Asher beugte sich leicht vor, seine Stimme war sanft, aber eindringlich: „Du bist stärker, als du dir selbst zugestehst, Cecilia. Du sagst, du verdankst alles deinem Mann, aber ich finde, du hast ihm genauso viel gegeben. Soweit ich das beurteilen kann, hast du deine eigenen Wünsche und Ambitionen zurückgestellt, um ihn zu unterstützen und sein Vermächtnis weiterzuführen. Das ist nicht bedeutungslos. Du hast einen großen Anteil an allem, was er erreicht hat.“
Cecilia blinzelte, seine Worte hatten sie überrascht. Sie sah auf ihr Glas hinunter, ihre Finger umklammerten es fest, als sie mit einem bescheidenen Lächeln sagte: „Nicht wirklich. Sein Vermächtnis ist auch mein Vermächtnis.“ Ihr Gesichtsausdruck wurde ernst, als sie hinzufügte: „Aber manchmal habe ich das Gefühl, dass ich ihn verliere, egal wie sehr ich mich bemühe, ihn zu unterstützen. Als würde er mir entgleiten und zu jemandem werden, den ich kaum wiedererkenne.“
Asher senkte seine Stimme, als würde er ihr ein Geheimnis anvertrauen: „Vielleicht liegt das daran, dass du zum ersten Mal die Wahrheit siehst.

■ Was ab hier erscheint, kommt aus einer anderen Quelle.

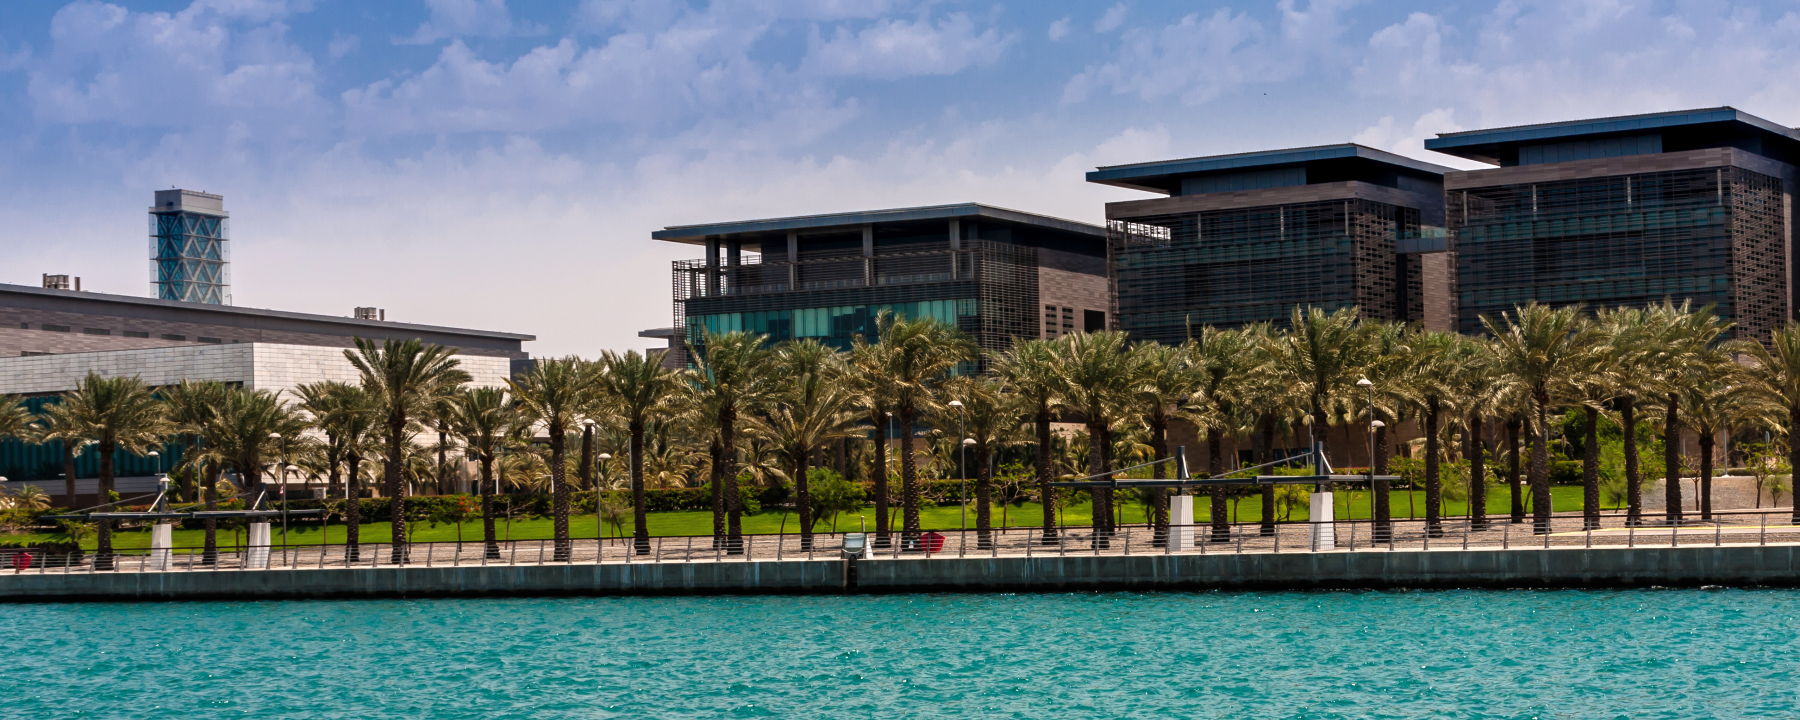 Saudi Arabian Universities Push to Recruit Women Faculty

Menschen verändern sich, besonders wenn es um Macht oder Verantwortung geht, die größer sind als die Familie. Und manchmal halten wir an ihnen fest, weil wir glauben, dass wir ihnen unsere Loyalität schulden … auch wenn sie nicht mehr die Menschen sind, die wir einst geliebt haben.“
Cecilia stockte der Atem, der Alkohol benebelte ihren Kopf und für einen Moment blitzte Zweifel in ihren Augen auf: „Nein … Derek ist immer noch Derek. Er steht nur unter großem Druck. Er tut das alles für die Welt. Für uns.“
Asher legte sanft seine Hand auf ihre, seine Berührung war warm und doch fest: „Ich sage nicht, dass er sich nicht um dich oder die Welt kümmert.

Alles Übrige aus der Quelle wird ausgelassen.